• COLLECTED MATERIAL:
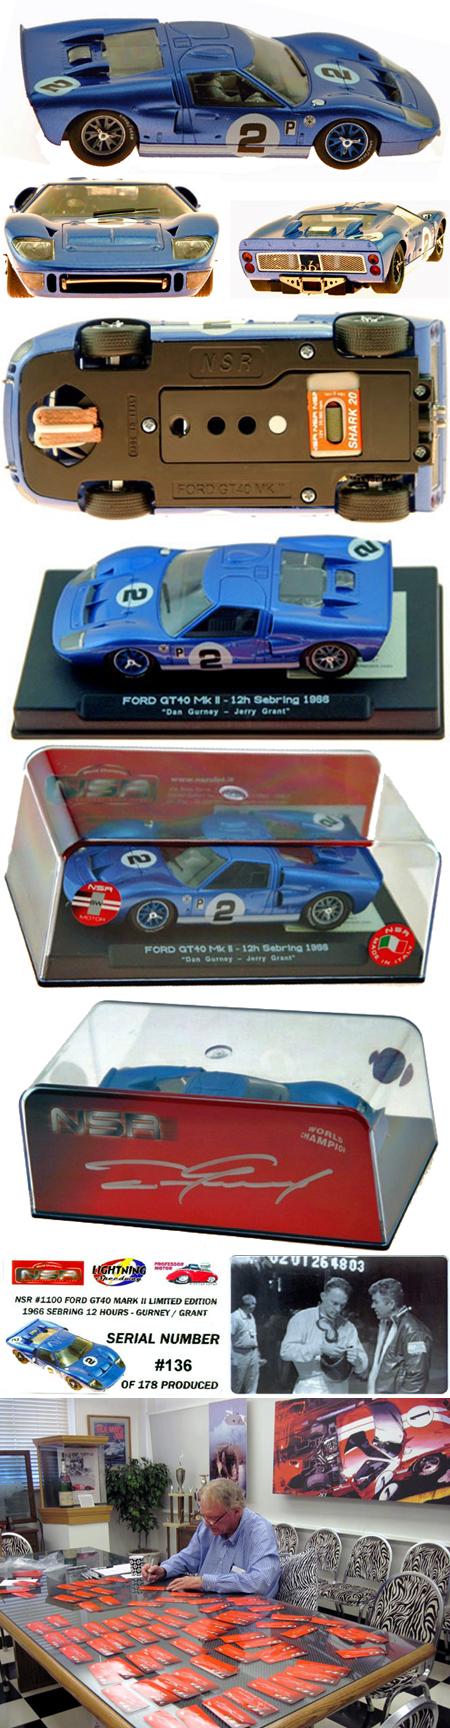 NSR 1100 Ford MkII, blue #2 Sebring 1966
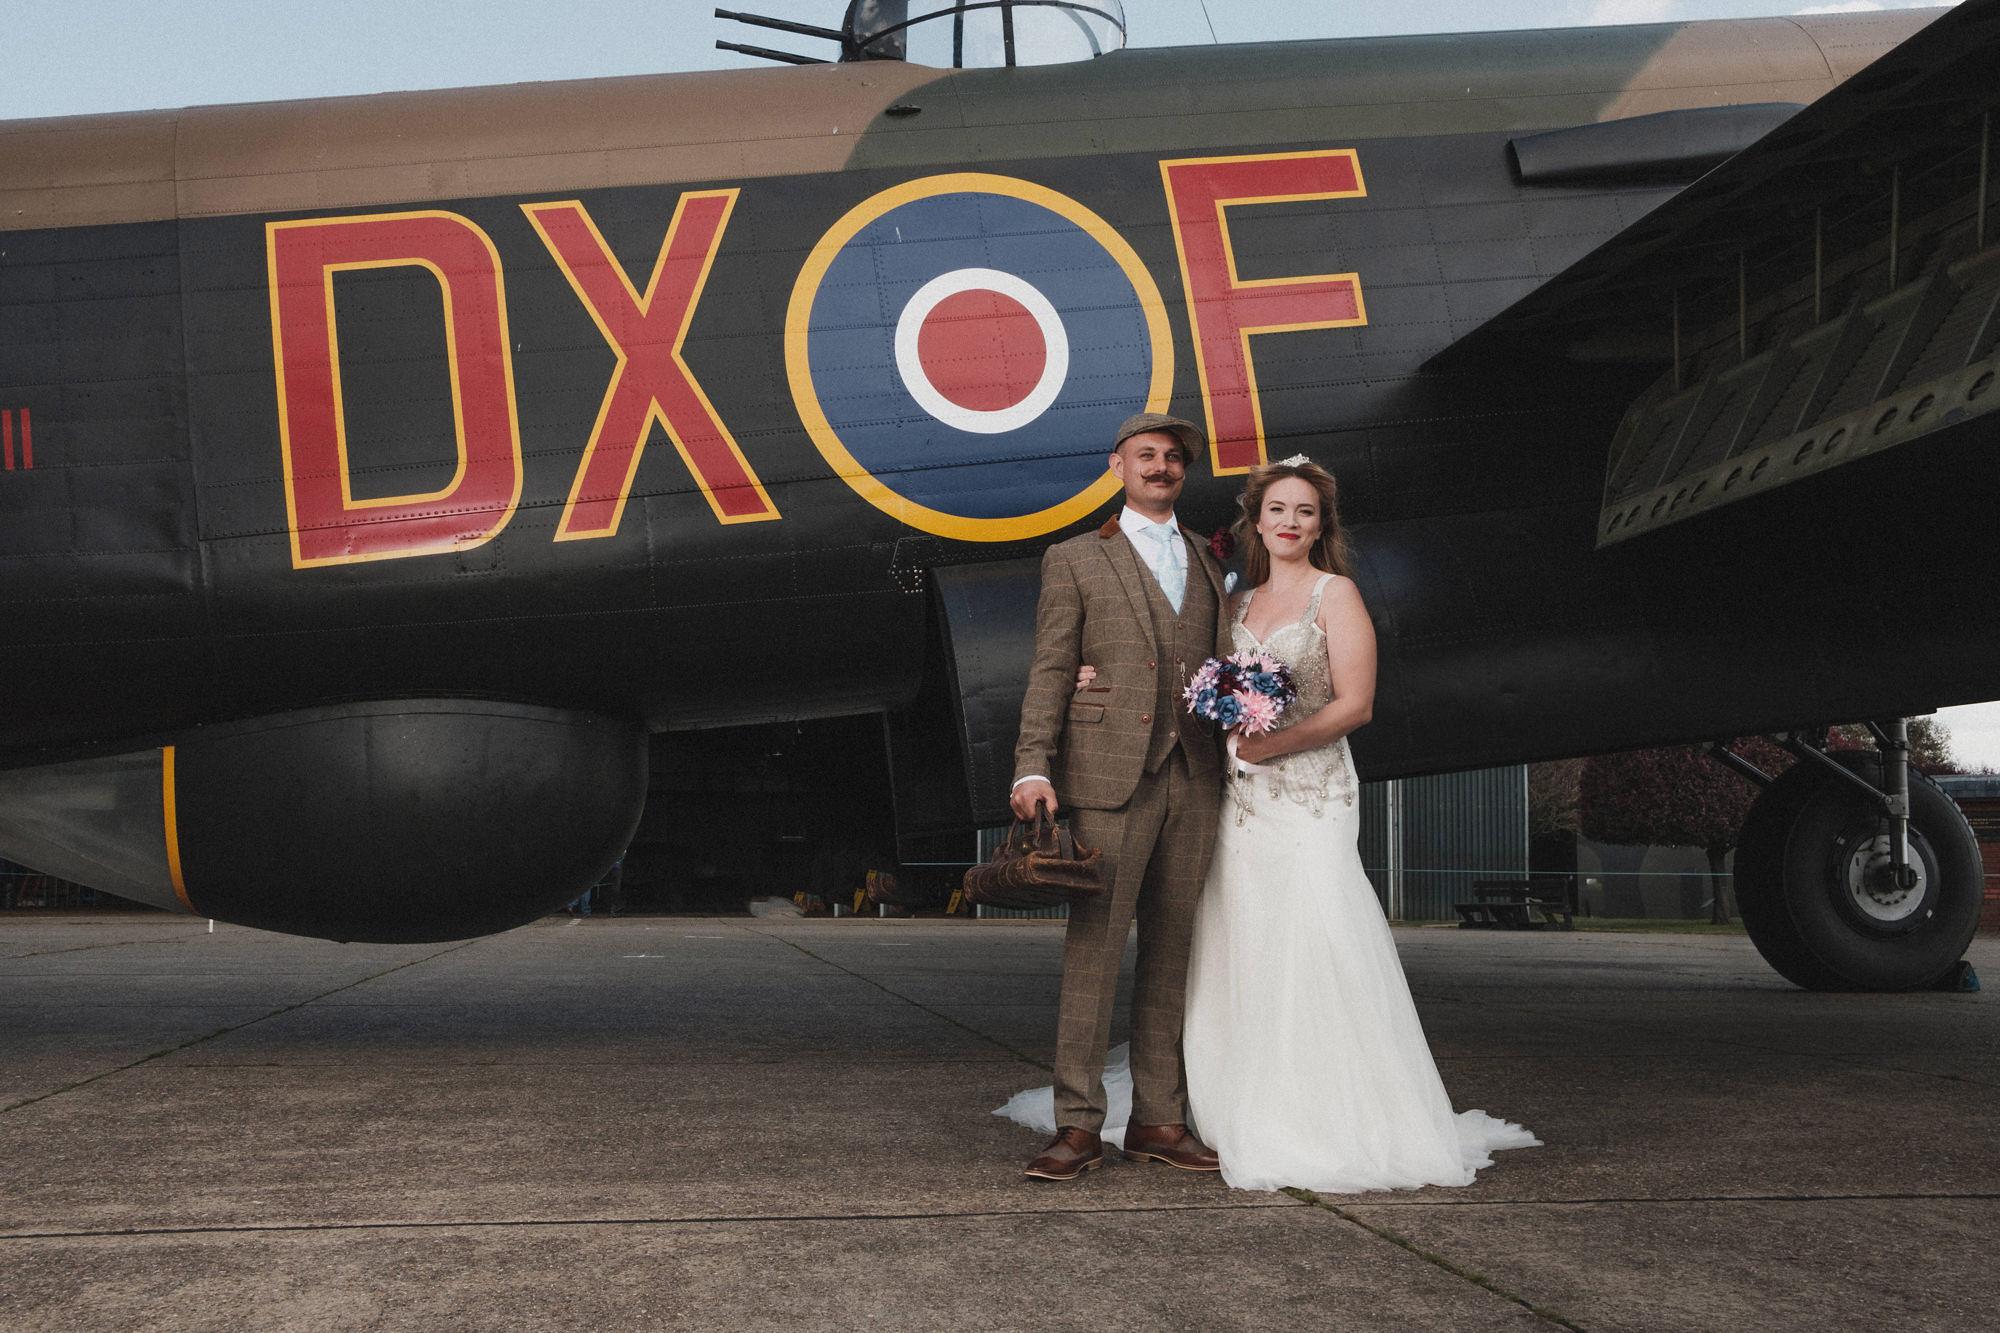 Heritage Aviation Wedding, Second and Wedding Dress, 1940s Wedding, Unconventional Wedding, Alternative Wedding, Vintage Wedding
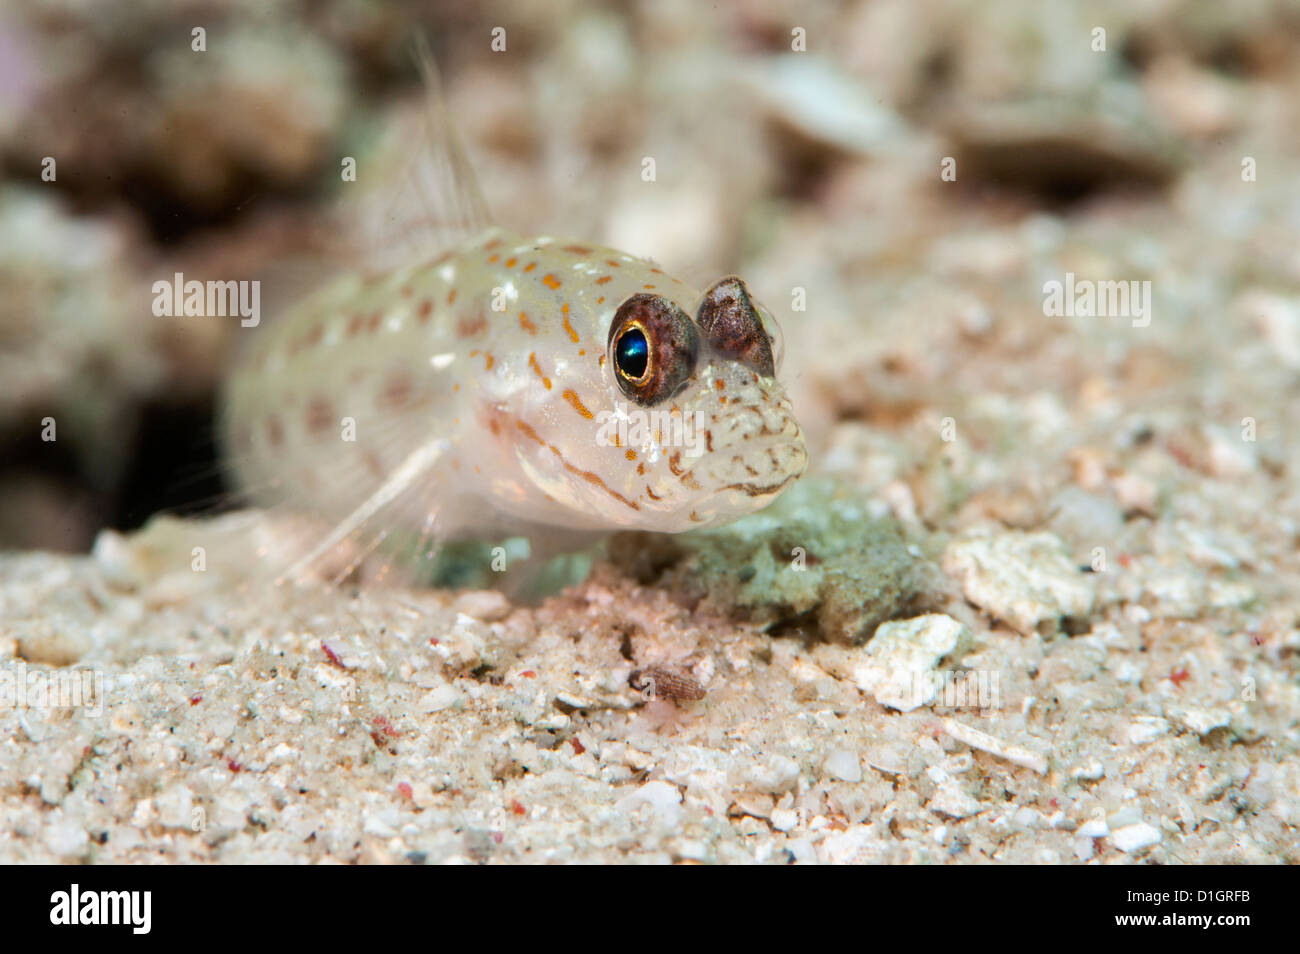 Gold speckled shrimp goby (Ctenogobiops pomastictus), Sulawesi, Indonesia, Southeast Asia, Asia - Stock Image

• YOUR INSTRUCTIONS: Find the line containing "Heritage Aviation Wedding, Second", then extract it and every line after it to the end of the data above, exactly and nothing else, without pictures.

• WRITTEN ANSWER:
 Heritage Aviation Wedding, Second and Wedding Dress, 1940s Wedding, Unconventional Wedding, Alternative Wedding, Vintage Wedding
 Gold speckled shrimp goby (Ctenogobiops pomastictus), Sulawesi, Indonesia, Southeast Asia, Asia - Stock Image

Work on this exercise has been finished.